Growing up in the 1960s, streaking meant something else to me then. Since becoming a runner, however, I now identify the term with running every day. Hot or cold. Sickness or health. Better or worse. No matter what.
I have never tried it, and haven't wanted to. When I started running in my 50s, the wisdom of rest days made sense. As I aged through cycles of injury and recovery, it was even more compelling. Daily running looked like a prescription for disaster, and I avoided it at all costs.
Then, this fall, Runner's World magazine posted a challenge: run at least one mile every day between Thanksgiving and New Year's Day. Counter the dark mornings, icy evenings, and holiday schedules with a daily commitment. Burn up empty calories and dispel stress. I had dusted off the treadmill and added some lively tunes to my iPod, so decided to give it a whirl.
Today, 61 days later, I am taking a day off for the first time. The streak has been a blast. I am ready to shift into a different pattern with different goals. Before leaving it behind, however, I want to harvest the lessons I learned from this excellent experience.
First, I learned that commitments are easier for me to keep first thing in the morning. For two months, I got out of bed, put on running shoes, and stepped onto the treadmill. Before brushing my teeth. Before eating breakfast. Before checking email (hmmm....not really).
Second , I learned again how habits form. Each morning I flipped on the music, set it to shuffle, and ran one mile, two, or three. I ran in the dark with a view of city lights out the window. I found myself zoning in and zoning out; enjoying the movement, the music, the solitude, and the endorphins. As time passed, the experience became its own reward. It was not a struggle, not even a decision. It happened automatically. New brain circuits linking A and B (getting up and putting on running shoes) formed with conscious effort and evolved into second nature. The decision this morning not to follow that pattern was a disruptive exception to my rule.
Third, I learned that in the solitary treadmill environment, I tuned into my body and its feedback. Without the distractions of terrain and weather, traffic and conversation, I could tell when a given pace or pattern of running and walking was stressing weak links and how much I needed to back off. I enjoyed two months of daily running without hurting myself.
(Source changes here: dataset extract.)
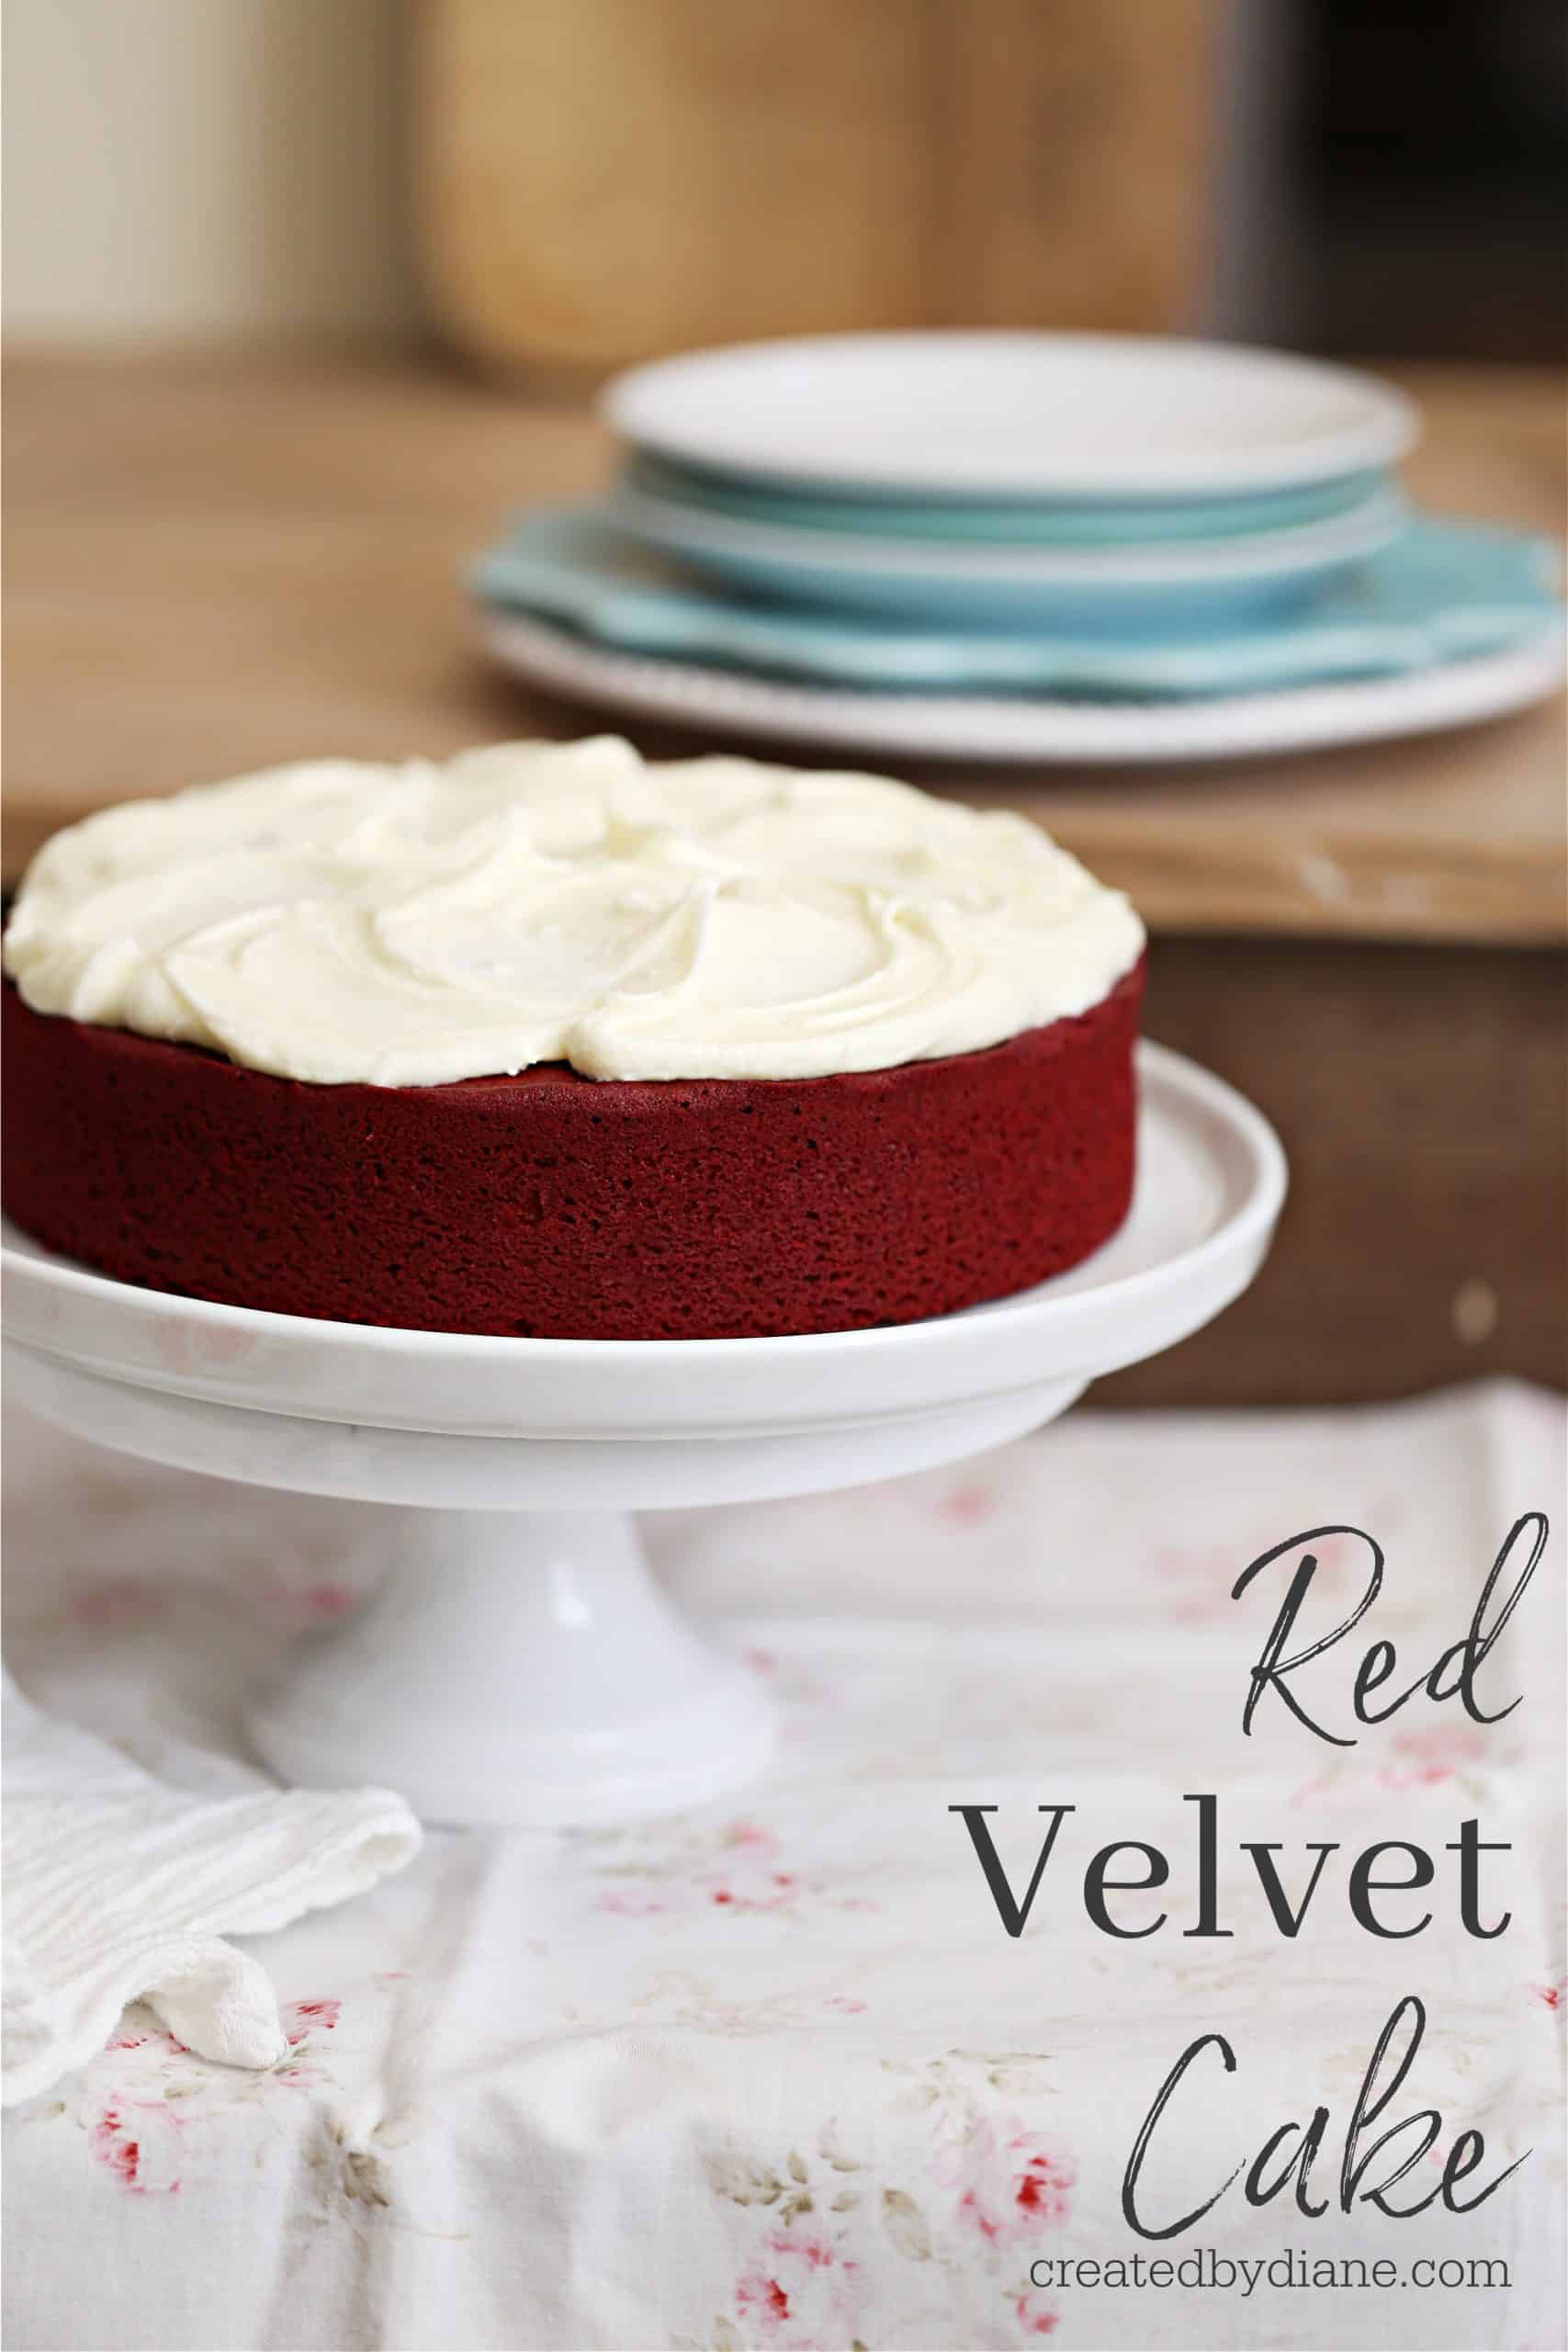 Red Velvet Cake Recipe | How to Make Red Velvet Cake - YouTube

I emerge from the experience ready to resume outdoor workouts with buddies and to add longer runs to training for the next race. I also emerge from this experience with renewed respect for the power of habit. Habits take many shapes. They not only drive my exercise and eating, but channel my patterns of thought, emotion, stress, and recovery. I can apply the lessons I learned on the treadmill to other aspects of life and learning.
Where in your life would you like to play with habits? Something new you want to try? Something old you want to change? Structure, intention, and repetition can work together in a few weeks to make the change you have in mind.